Why do Indigenous Communities Continue to Practice Shifting Cultivation?
Shifting cultivation continues to be a predominant agricultural practice in many parts of India, despite state discouragement and multipronged efforts to wean indigenous communities away from it. Their land, due to remoteness, poor access to markets and undulating terrain, leaves them with few alternatives.
In northeast India, a 2018 report released by the Indian government revealed that an area of 8500 square kilometres is still being used to practice shifting cultivation (SC) – an agricultural system practiced for centuries.
The process consists of cultivating land temporarily and then abandoning it – usually for a period of one to two decades so the soil recuperates its fertility and reverts to its natural state. Because it involves the felling of trees for temporary cultivation, it is blamed for deforestation, soil erosion and loss of biodiversity, all contributors to global climate change.
However, contrary to this popular notion held by state officials and other agencies, the practice does provide a sustainable means of livelihood and food security to the communities that practice it.

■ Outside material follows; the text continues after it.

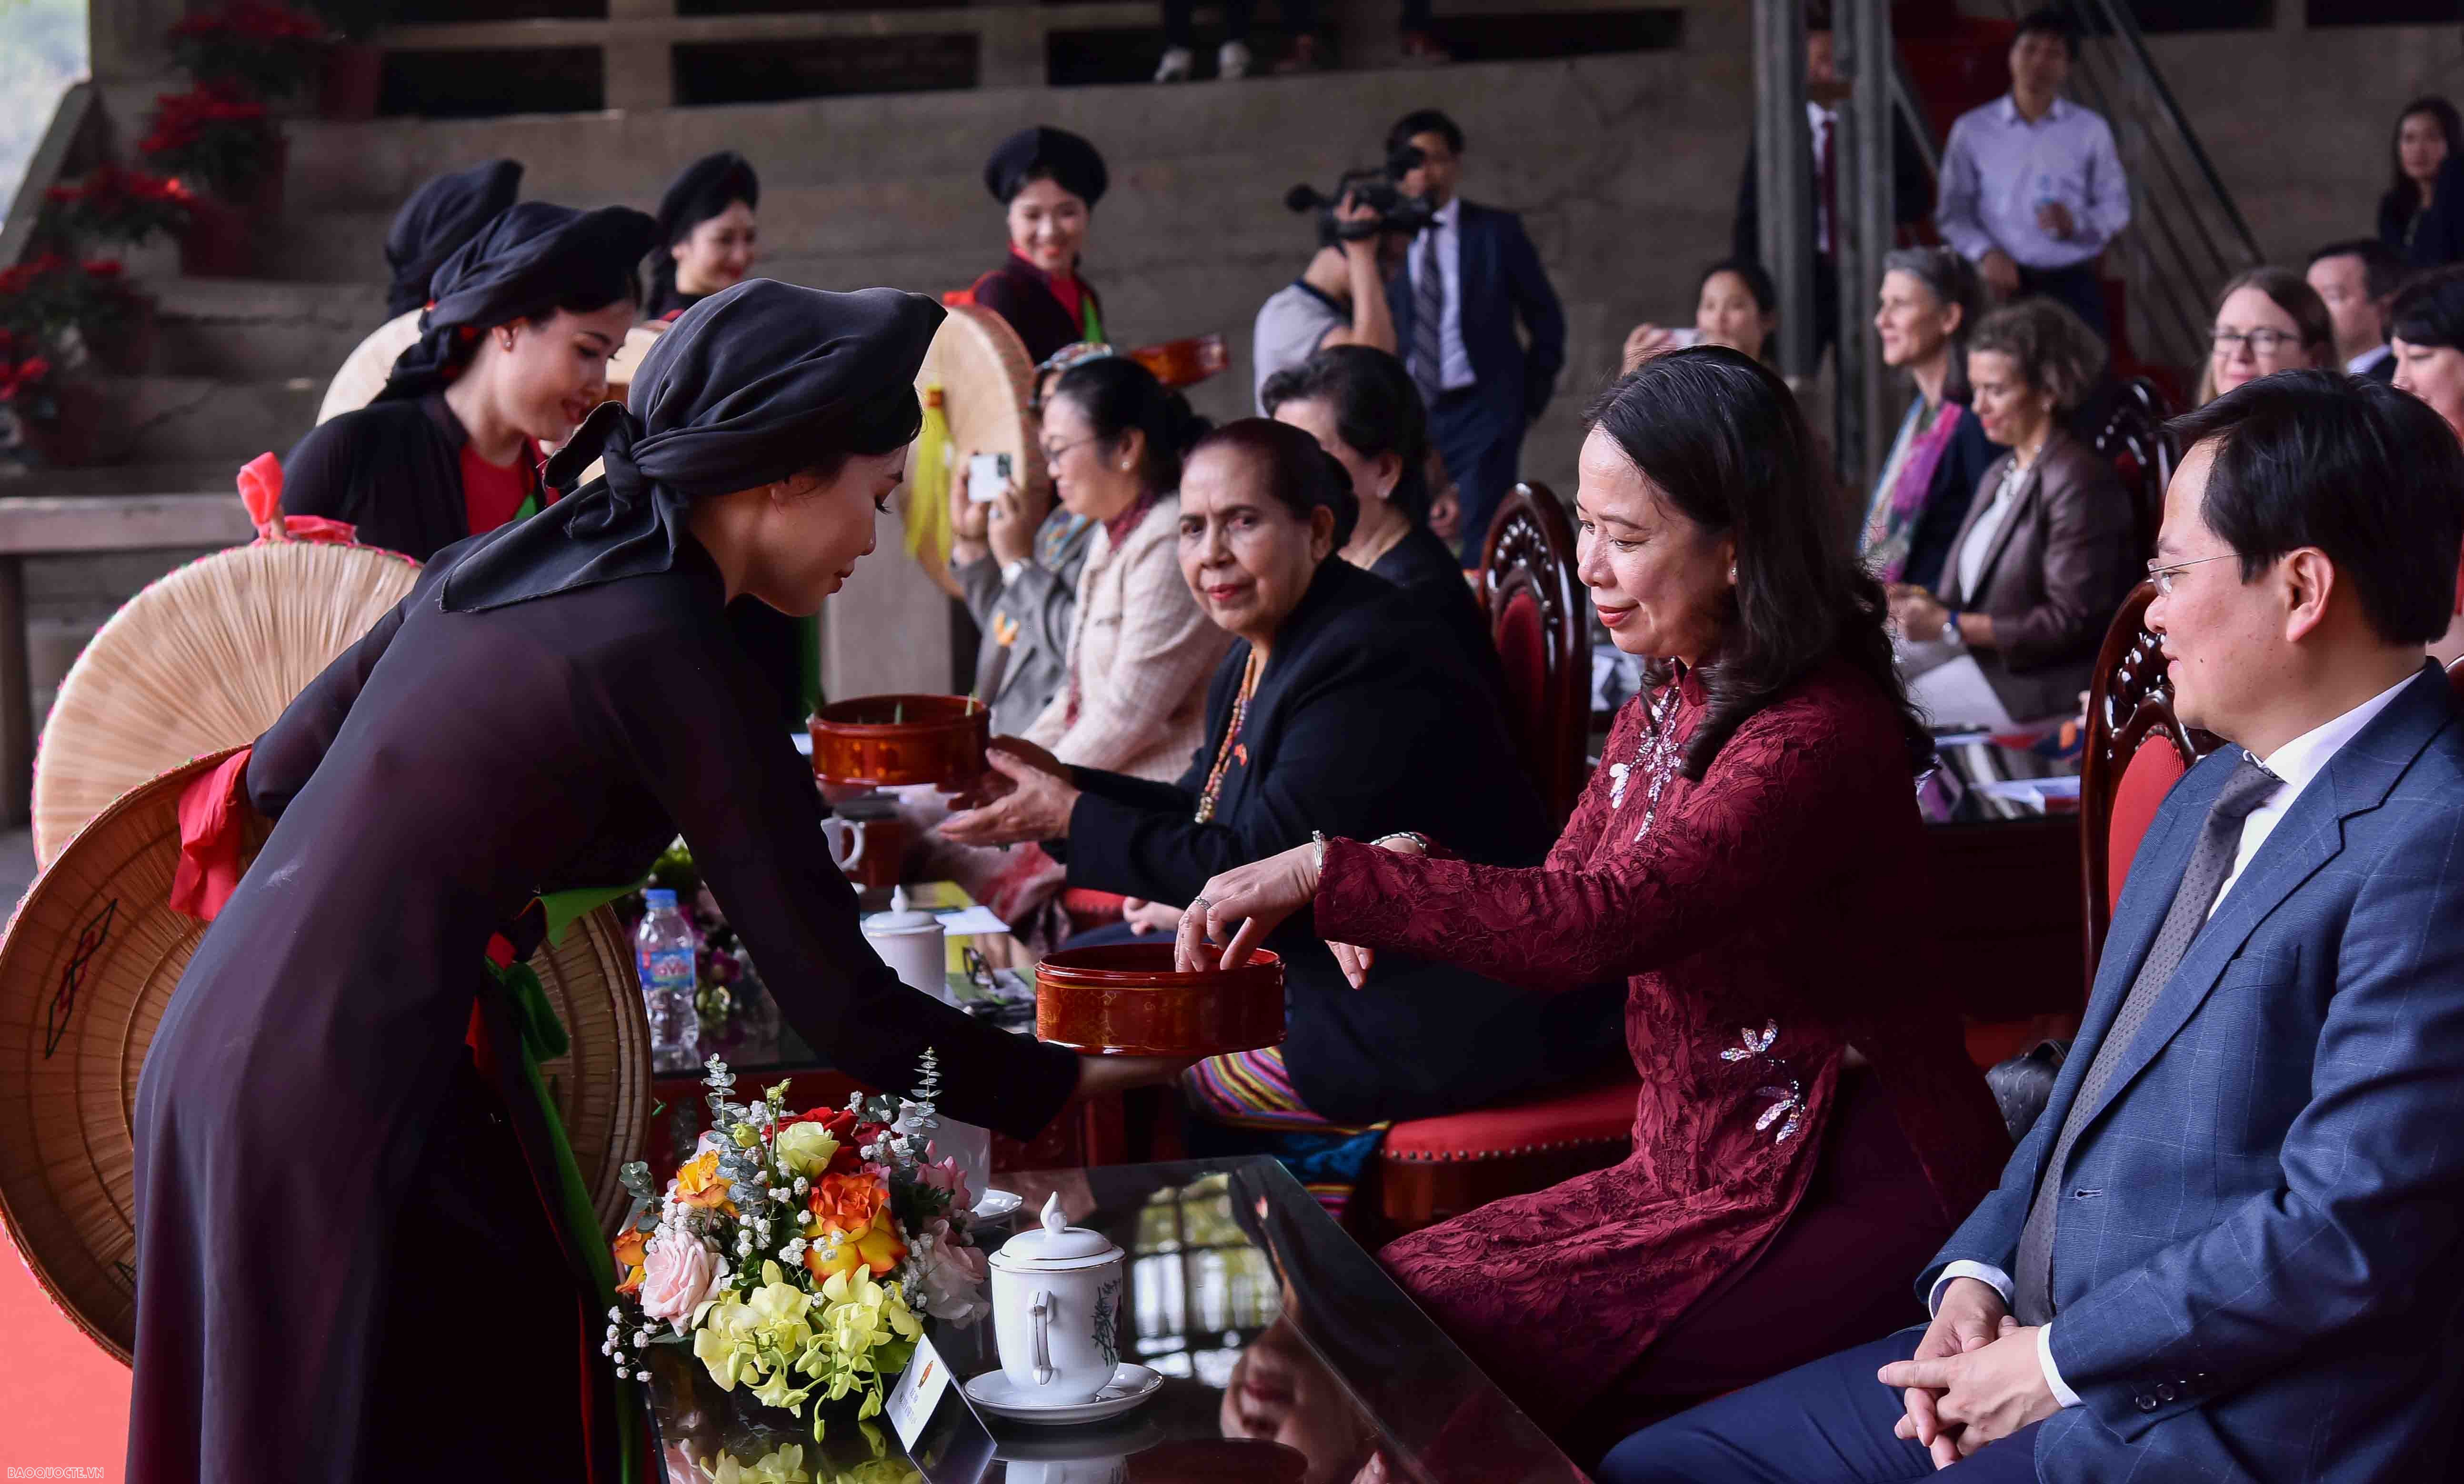 Phó Chủ tịch nước cùng các nữ Trưởng cơ quan đại diện nước ngoài tại Việt Nam trải nghiệm làm tranh Đông Hồ, nghe hát quan họ

The problem lies in both its commercialisation and production pressures arising from a human-population increase, leading to a reduction in fallow length – the period between two cultivation phases.
In a book called Shifting cultivation policies: Balancing environmental and social sustainability (2017), an outline of the role of government and local institutions in regulating shifting cultivation over time has been described. Interventions aimed at stopping shifting cultivation go as far back as pre-British rule when the Ahoms from upper Burma ruled over Assam state. The rulers discouraged the practice and instead introduced alternatives such as wet-rice farming. Additionally, between 1827 and 1947, in the early colonial period of British rule, shifting cultivation was seen as primitive and efforts were made to ban the practice and wean farmers away from it.
In 2011 a New Land Use Policy aimed at transforming SC in northeast India was implemented by the state government of Mizoram. Multiple efforts to discourage farmers continue to this present day.
Considering all these government policies, schemes, and interventions aimed at discouraging the practice over the last century, a burning question emerges: why, after so many years of attempts at termination and control, do these indigenous communities persist in practicing SC? A recent study published in the journal Forest Policy and Economics set out to investigate just that.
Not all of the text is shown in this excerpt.